I’m curious what you mean by enforced scope and modularity in a contract. As a lawyer (though one who rarely works with contracts), I agree that the nested series of if-then’s is common, but I don’t have a good sense of what you’re suggesting as an alternative.
Quintor
I’m similarly positioned to you, but have the opposite impression: I feel like I learned a lot from law school.
One possibility is that your “don’t remember anything” is measuring something different than my “learned a lot.” It’s certainly true that I can’t recall on command the three parts of X test that I haven’t used since law school. Indeed, I most likely couldn’t name all of the courses I took in law school!
But:
1. If I see a very brief overview of something I learned in law school, a lot of other information that I couldn’t recall on cue will snap back into place.
2. When an issue that touches on something I learned in law school comes up in my litigation practice, I may not remember what the rule I learned in law school was, but I remember that there is a rule and roughly where/how to find it.
3. With regard to learning how to learn, I can much more easily understand new areas of law than I could early in law school. I would describe this as being due to a combination of the skill of “learning how to learn” and background knowledge. It’s true that no one in law school explicitly tried to teach me how to learn, much less gave me feedback on it. But it’s nonetheless something I picked up from law school.
Alternative hypotheses:
1. This reflects that fact that, at least by Biglaw standards, my day to day work is relatively similar to law school (lots of appellate work and research/brief writing, which is far closer to what law school typically teaches than discovery heavy pre-trial work or transactional lawyering).
2. I did much more and/or different studying. Almost all of my learning in a class came from time-intensive process of making an outline for the class (no flash cards or spaced repetition, but my tests were almost all open-note, so memorization was never the goal). My impression was that classmates who simply read their notes and outlines made by other people did not learn as much contemporaneously, and I would definitely expect they forgot more over time.

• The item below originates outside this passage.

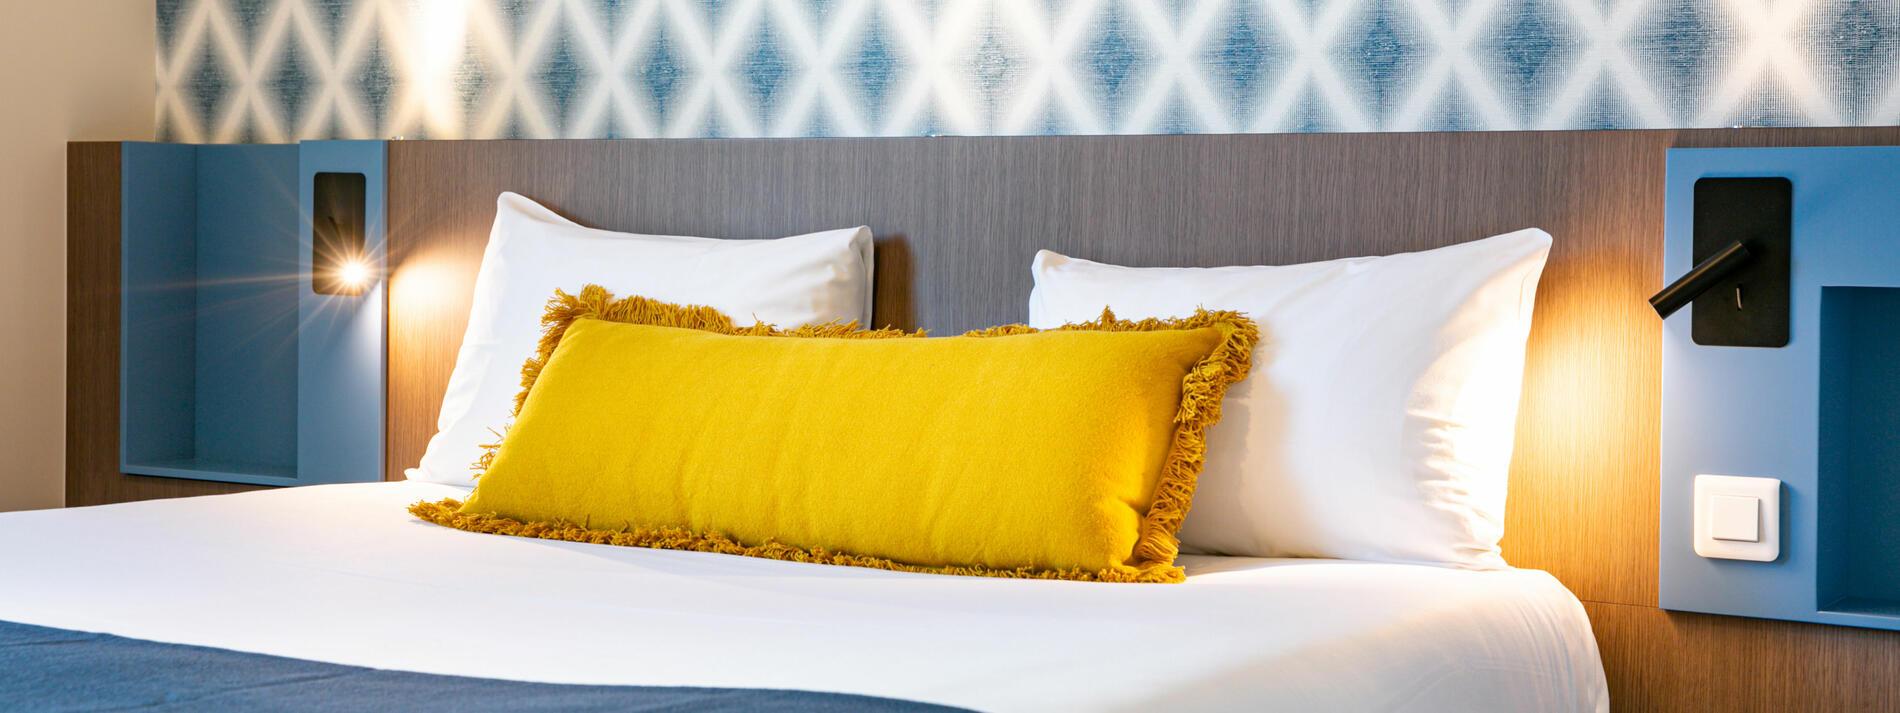 Chambre double twin grand lit lits séparés calme quiétude sommei

Thanks, that’s an interesting idea, and not one I’ve seen before.
2 potential issues come to mind:
1. As you noted, a key goal is to reduce ambiguity as much as possible. An enforced scope provision opens up the possibility that a court will nullify another provision for being in the wrong place. This adds ambiguity to the contract, especially because at first there wouldn’t be any court decisions on how they interpret enforced scope provisions. I’m not sure off hand how serious of a problem this would be—maybe the dividing line between covenants and representations is clear enough that no provision might be interpreted to create both, for example.
2. Unlike software development (I expect), negotiating contracts is somewhat adversarial. Adding new types of provisions, or even deviating from common (“market”) language on a given topic raises an inference that you’re trying to pull one over on the other side. That is, adding an enforced scope provision could be seen as an indication that you think there’s some other provision that might be invalidated to your advantage.
These both weigh against creativity in contract drafting, which helps explain why there’s so much copy and pasting of precedent contracts.